Bazel goes through three steps when building targets:

In the loading phase, Bazel parses the BUILD file of the target being built and all BUILD files that file transitively depends on.
In the analysis phase, Bazel builds a graph of actions needed to build the specified targets.
In the execution phase, Bazel runs those actions.

Each Bazel target is defined by a rule, which specifies inputs, outputs, and how to get from one to the other. Rules can specify things like creating an executable binary or defining a library. In Bazel’s code, individual rules are represented by instances of implementations of RuleConfiguredTargetFactory. Users can also extend Bazel and create new rules with Skylark.

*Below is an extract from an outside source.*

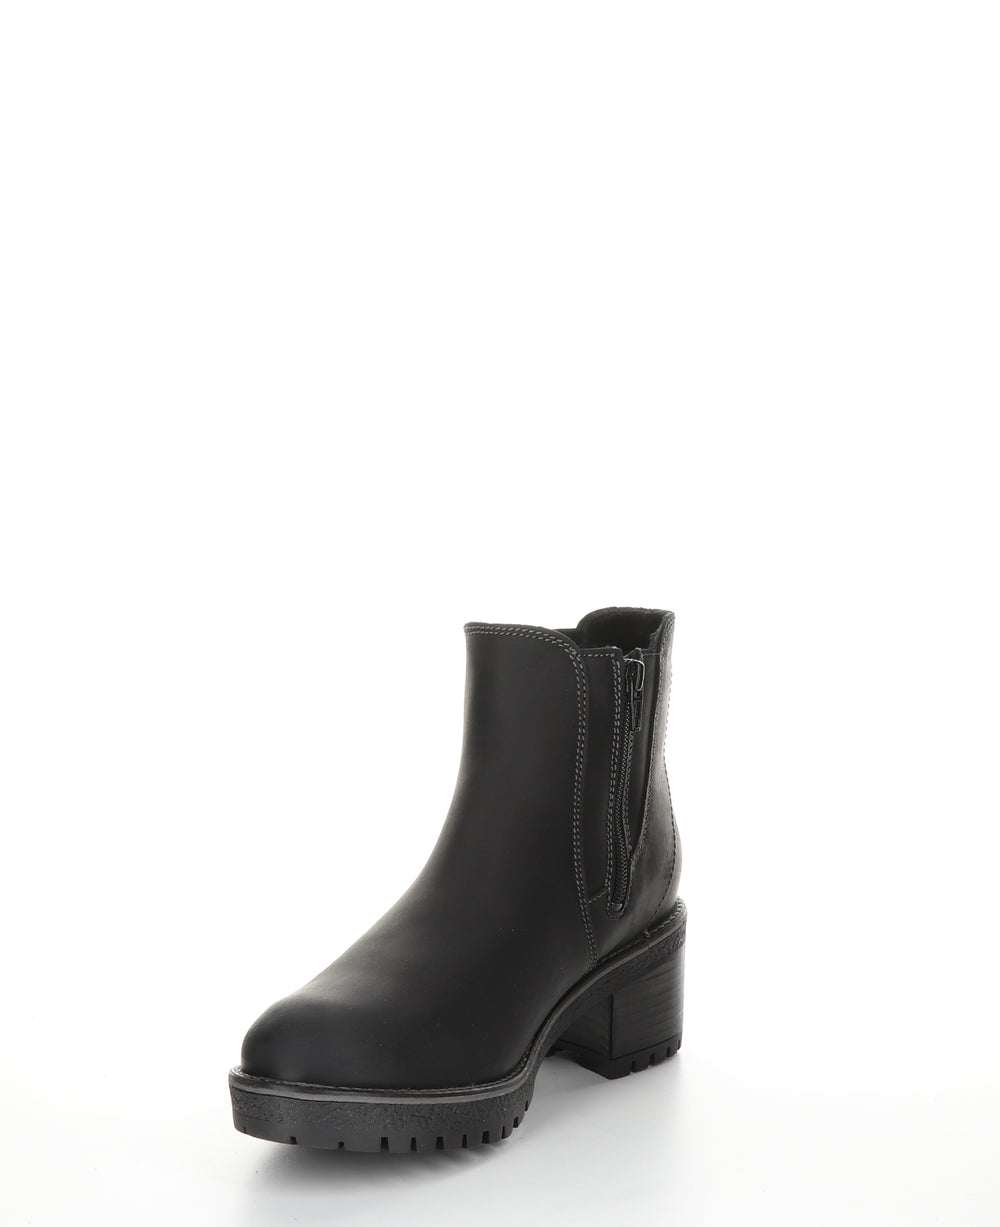 MASS Black Zip Up Ankle Boots|MASS Bottines avec Fermeture Zippée in Noir

Rules create, in turn, any number of actions. Each action takes any number of artifacts as inputs and produces one or more artifacts as outputs. These artifacts represent files that may not yet be available. They can either be source artifacts, such as source code checked in to the repository, or generated artifacts, such as output of other actions. For example, an action to compile a piece of code might take in source artifacts representing the code to be compiled and generated artifacts representing compiled dependencies, even though those dependencies have not yet been compiled, and output a generated artifact representing the compiled result. Additionally, rules may expose any number of provider objects. These providers are the API rules provide to other rules. They provide read-only information about internal state.

During analysis, Bazel runs the rules for each target being built and their transitive dependencies. Each rule generates and records all the actions it depends on. Bazel won’t necessarily run all of those actions; if an action doesn’t end up being required, Bazel will just ignore it. Skyframe is used to evaluate and cache the results of rules.

Information from the rules, including artifacts representing the future output of actions, are made available to other rules through the rules’ providers. Each rule has access to its direct dependencies’ providers. Because most information passed between rules is actually transitive, providers make use of the NestedSet class, a DAG-like data structure (it’s not actually a set!) made up of items and pointers to other (nested) NestedSet objects. NestedSets are specially optimized to work efficiently for analysis. For part of a provider that represents some transitive state, for example, a trivial implementation might be to build a new list that contains the items for the current rule and each transitive dependency (for a chain of n transitive dependencies, that means we’d add n + (n - 1) + … 1 = O(n^2) items to some list), but building a nested set containing the new item and a pointer to the previous nested set is much more efficient (we’d add 2 + 2 + … 2 = O(n) items to some nested set). This introduces similar efficiency in memory usage as well.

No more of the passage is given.